Although HIV-2 does not encode a vpu gene, the ability to antagonize bone marrow stromal antigen 2 (BST-2) is conserved in some HIV-2 isolates, where it is controlled by the Env glycoprotein. We previously reported that a single-amino-acid difference between the laboratory-adapted ROD10 and ROD14 Envs controlled the enhancement of virus release (referred to here as Vpu-like) activity. Here, we investigated how conserved the Vpu-like activity is in primary HIV-2 isolates. We found that half of the 34 tested primary HIV-2 Env isolates obtained from 7 different patients enhanced virus release. Interestingly, most HIV-2 patients harbored a mixed population of viruses containing or lacking Vpu-like activity. Vpu-like activity and Envelope functionality varied significantly among Env isolates; however, there was no direct correlation between these two functions, suggesting they evolved independently. In comparing the Env sequences from one HIV-2 patient, we found that similar to the ROD10/ROD14 Envs, a single-amino-acid change (T568I) in the ectodomain of the TM subunit was sufficient to confer Vpu-like activity to an inactive Env variant. Surprisingly, however, absence of Vpu-like activity was not correlated with absence of BST-2 interaction. Taken together, our data suggest that maintaining the ability to antagonize BST-2 is of functional relevance not only to HIV-1 but also to HIV-2 as well. Our data show that as with Vpu, binding of HIV-2 Env to BST-2 is important but not sufficient for antagonism. Finally, as observed previously, the Vpu-like activity in HIV-2 Env can be controlled by single-residue changes in the TM subunit.

IMPORTANCE
Lentiviruses such as HIV-1 and HIV-2 encode accessory proteins whose function is to overcome host restriction mechanisms. Vpu is a well-studied HIV-1 accessory protein that enhances virus release by antagonizing the host restriction factor BST-2. HIV-2 does not encode a vpu gene. Instead, the HIV-2 Env glycoprotein was found to antagonize BST-2 in some isolates.

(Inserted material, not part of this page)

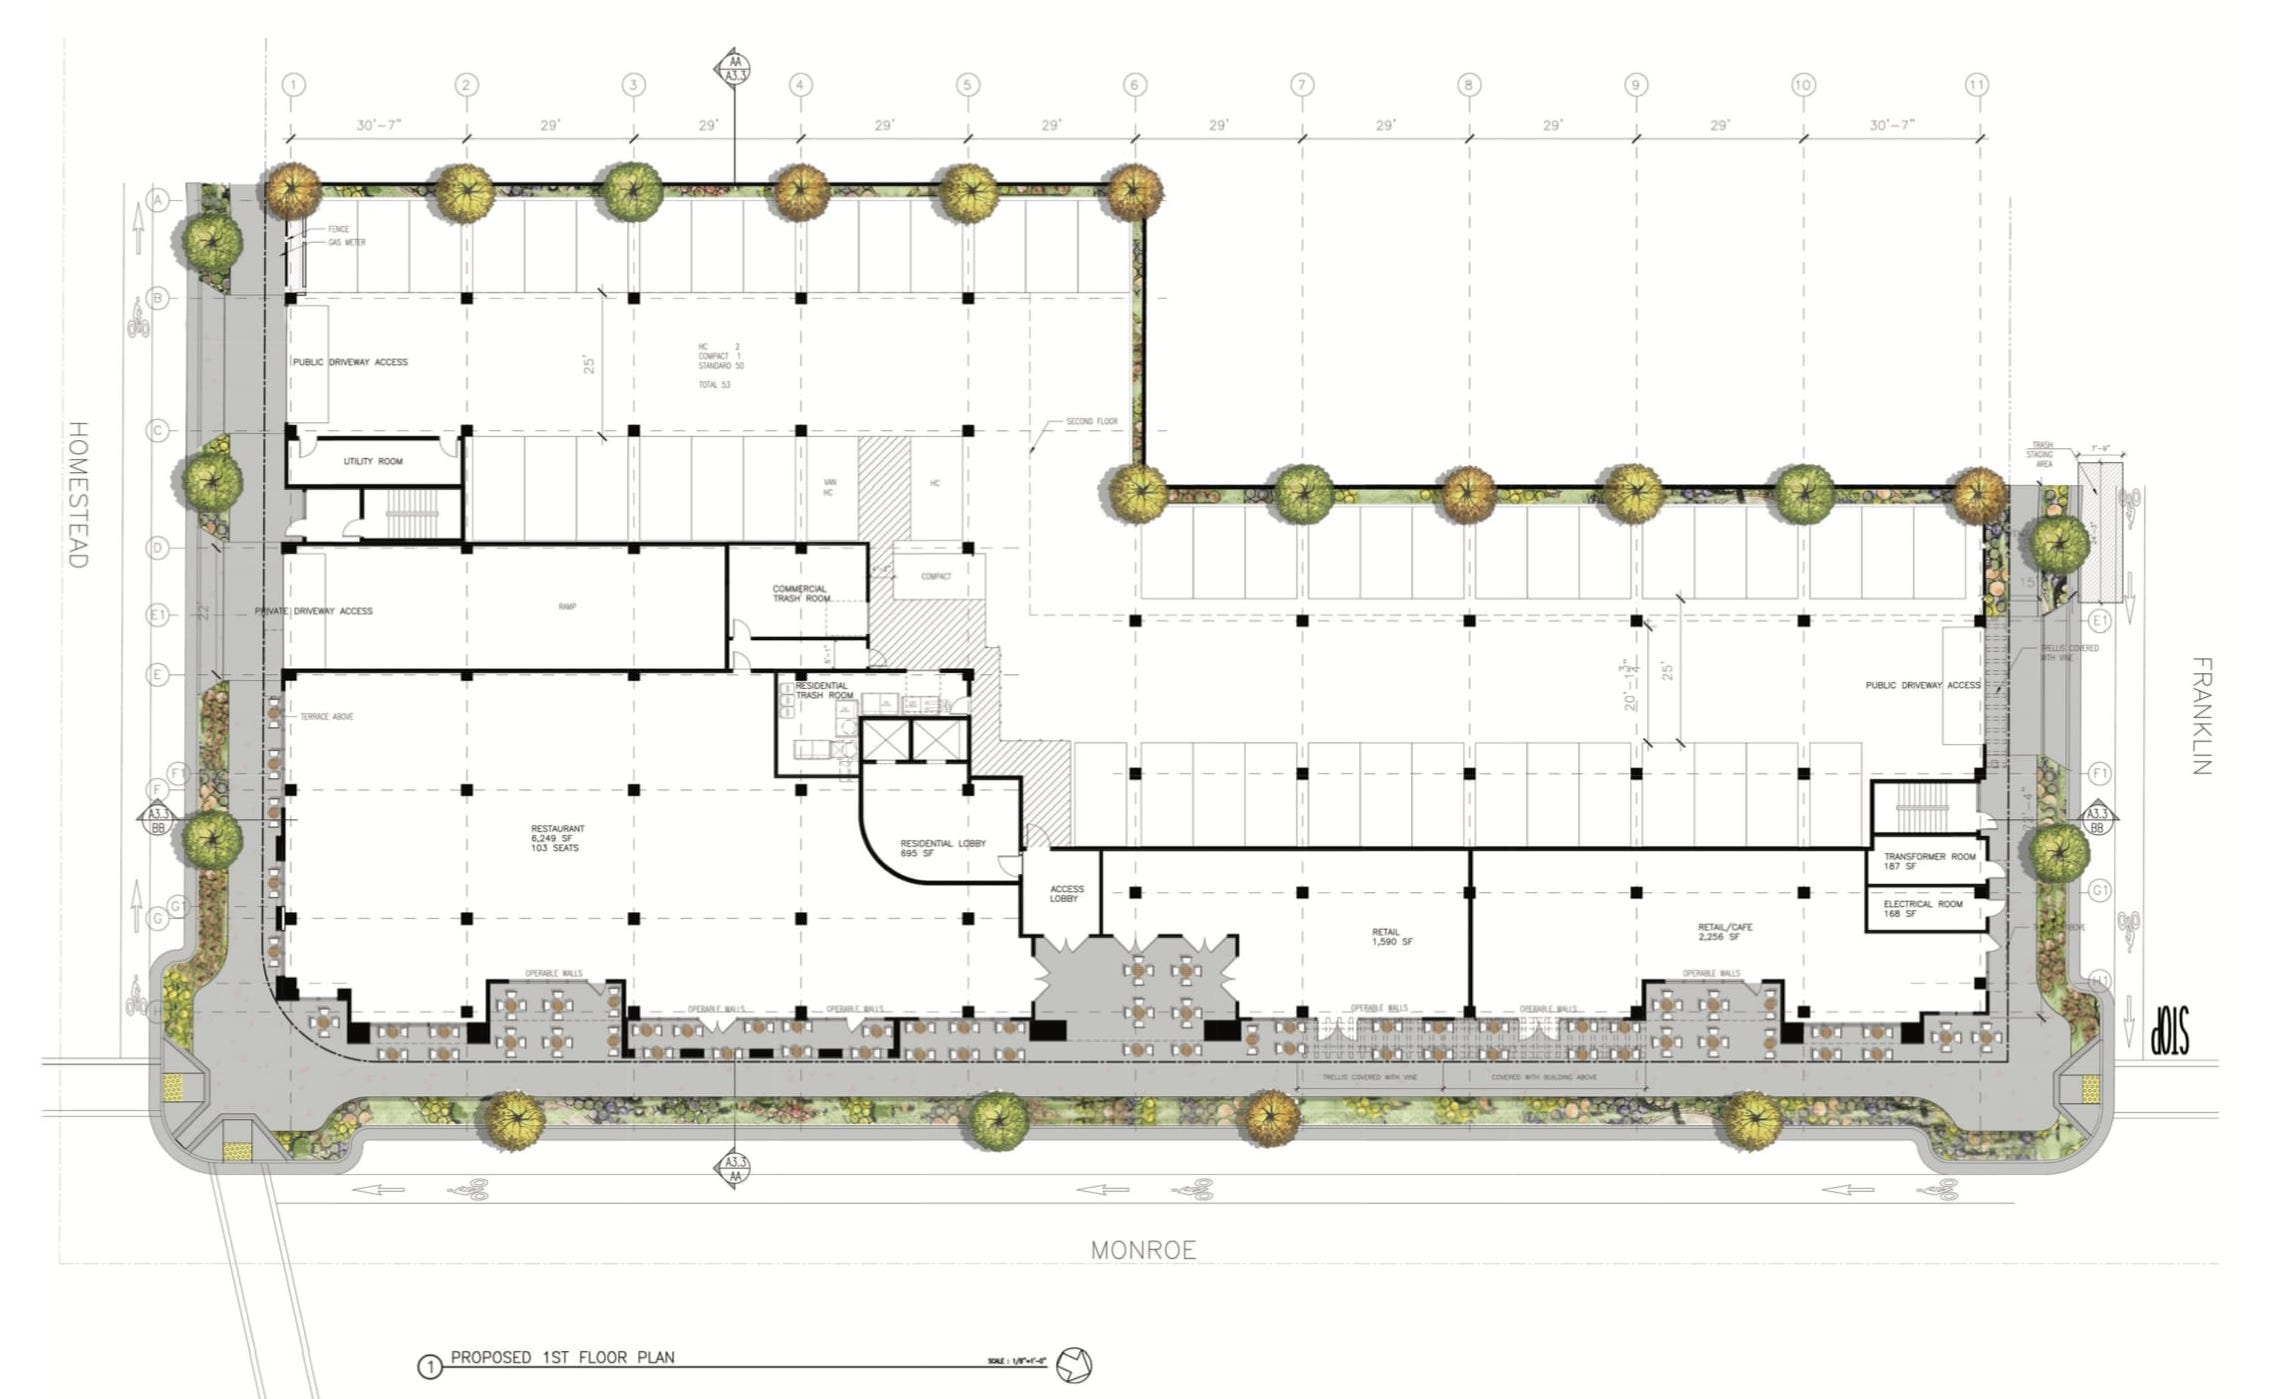 906 Monroe Street First Floor Plan

Here, we cloned multiple Env sequences from 7 HIV-2-infected patients and found that about half were able to antagonize BST-2. Importantly, most HIV-2 patients harbored a mixed population of viruses containing or lacking the ability to antagonize BST-2. In fact, in comparing Env sequences from one patient combined with site-directed mutagenesis, we were able to restore BST-2 antagonism to an inactive Env protein by a single-amino-acid change. Our data suggest that targeting BST-2 by HIV-2 Env is a dynamic process that can be regulated by simple changes in the Env sequence.